The Pattern Growth algorithm is an alternative method for mining frequent itemsets, designed to overcome the limitations of the Apriori algorithm. While Apriori is widely used, it can become inefficient when the minimum support threshold is low or when patterns are long. This is because Apriori repeatedly generates large numbers of candidate itemsets and requires multiple scans of the database to verify their support. Both candidate generation and repeated database scanning are computationally expensive. Pattern growth addresses these problems by avoiding candidate generation and by compressing the database into a compact structure that can be mined more efficiently. 

The key idea of the pattern growth approach is to use a data structure called an FP-tree (Frequent Pattern Tree) to represent the database in a compressed form. The algorithm operates in two main phases. In the first phase, the database is scanned to identify frequent items and build the FP-tree. In the second phase, frequent itemsets are extracted directly from this tree through a process of traversal and partitioning. Because the tree stores the essential frequency information, further database scans are not required, which significantly improves performance. 

An FP-tree is a specialized tree structure. Each node in the tree has the form i:c, where i represents an item and c is a counter indicating how many transactions share that prefix path. Edges connect items that appear together in transactions, following a fixed order so that transactions with common prefixes share the same path in the tree. In addition, a header table is maintained, containing one entry for each frequent item. Nodes containing the same item are linked together through additional pointers, forming a chain for that item. This structure allows quick access to all occurrences of an item in the tree. 

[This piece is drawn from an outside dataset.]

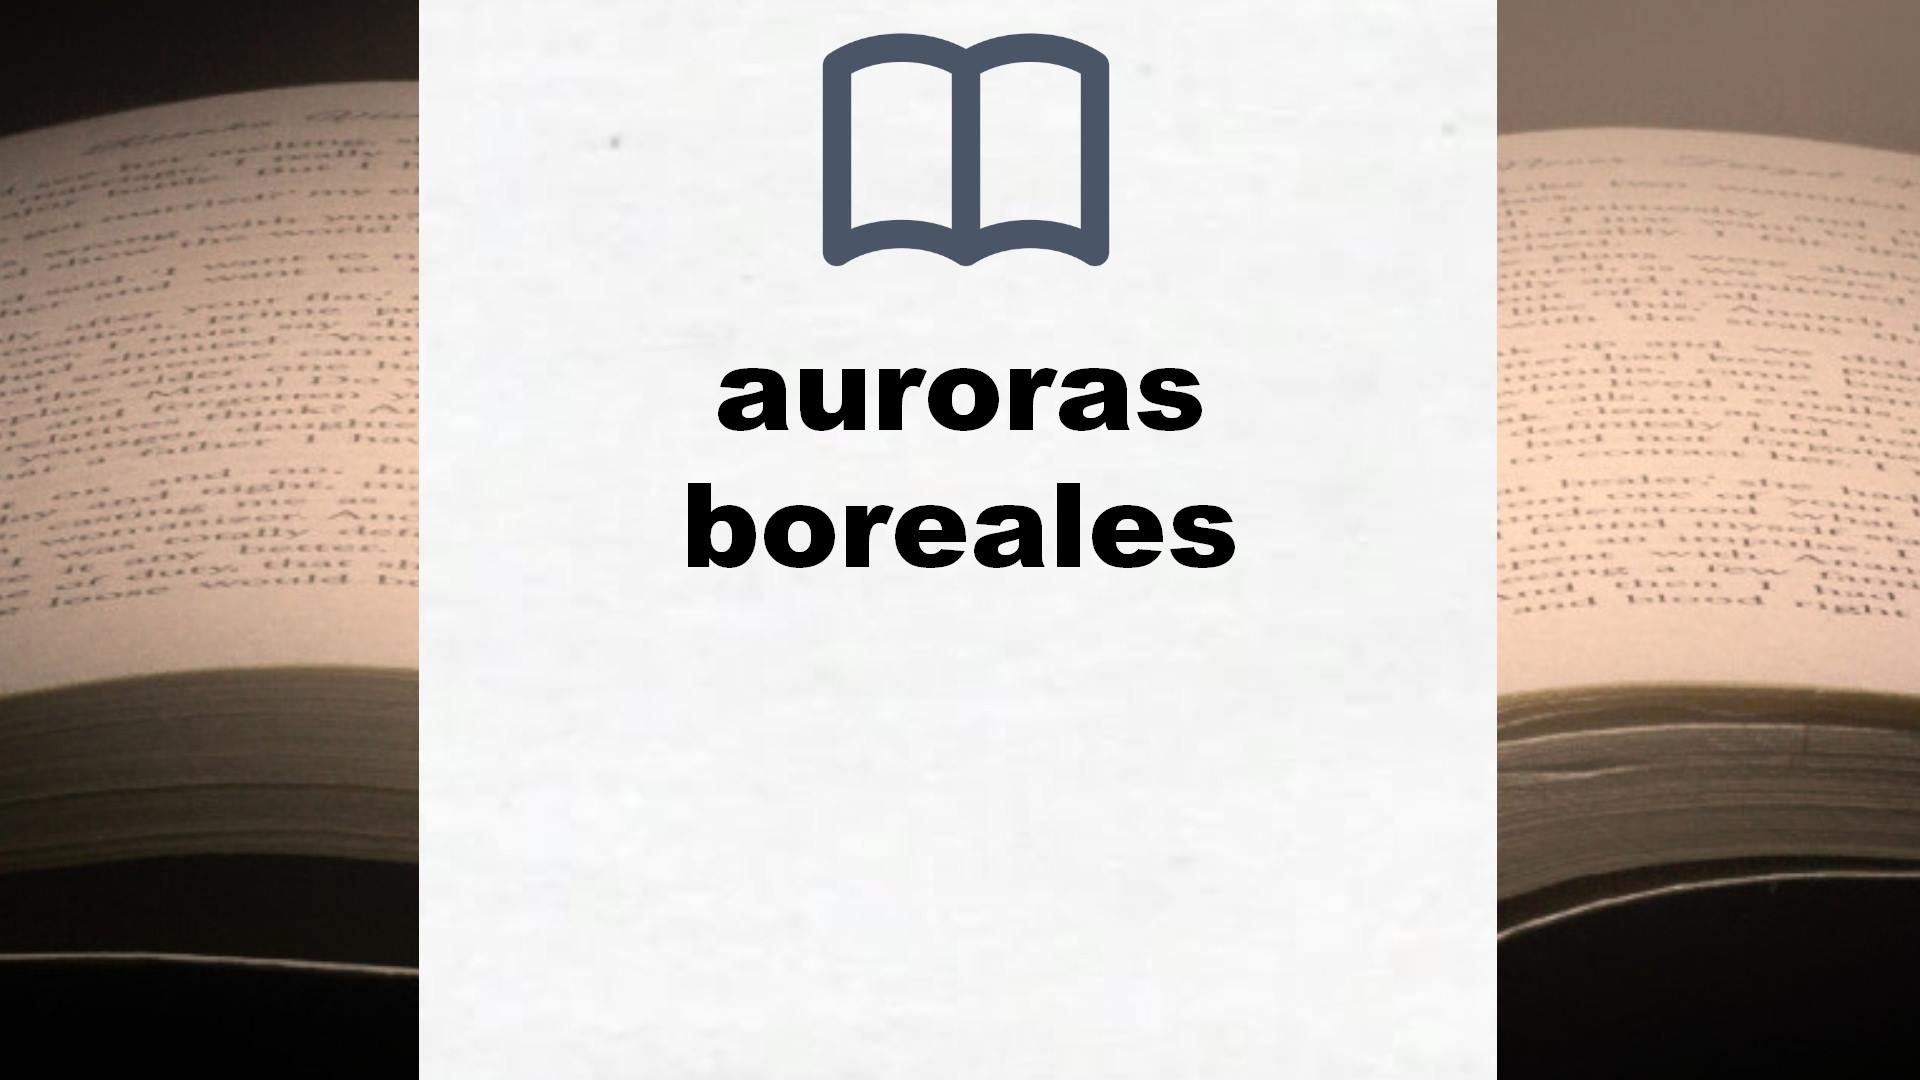 Libros sobre auroras boreales

The construction of the FP-tree requires two passes over the database. During the first pass, the algorithm counts the support of each item. Items whose support is below the minimum support threshold are discarded, since they cannot be part of any frequent itemset. The remaining frequent items are then sorted in descending order of their support. For each transaction, only these frequent items are kept, and they are arranged in this order. Sorting ensures that transactions with similar item prefixes will overlap in the tree, increasing compression. 

In the second pass, the FP-tree is built. A root node is created, and each transaction is processed again, considering only its frequent items in the sorted order. For the first transaction, a path from the root is created, and the count of each node is set to one. For subsequent transactions, the algorithm checks whether part of the transaction matches an existing path. If a common prefix is found, the counters of the corresponding nodes are incremented. If not, new branches are created. For example, if two transactions both begin with the same item, they share the initial part of the path, and only the counters increase. This process results in a tree that compactly represents all frequent items and their co-occurrences. 

The FP-tree thus captures the essential structure of the database while ignoring infrequent items. Each transaction corresponds to a path in the tree, and the more transactions share prefixes, the greater the compression. In some cases, the entire database can be represented by a very small tree, possibly fitting in main memory. In the best case, all transactions share a common prefix, resulting in a single path. 

Once the FP-tree is constructed, the second phase of the algorithm begins: mining frequent itemsets from the tree. Instead of generating candidate itemsets, the algorithm explores the tree recursively. For each item in the header table, a conditional pattern base is built, which consists of the paths leading to that item. From this, a conditional FP-tree is constructed. The process is repeated on these smaller trees, growing frequent patterns by combining suffixes with prefixes found in conditional trees. This recursive partitioning continues until no more frequent itemsets can be found. 

The pattern growth approach is generally more efficient than Apriori because it avoids generating large numbers of candidate itemsets and reduces database scans. By working with a compressed in-memory structure, it significantly decreases I/O costs and computation time. This makes it especially suitable for large datasets and situations where support thresholds are low, leading to many potential patterns. 

Reference: 

Vaisman, A., & Zimányi, E. (2014). Data warehouse systems: Design and implementation. Springer.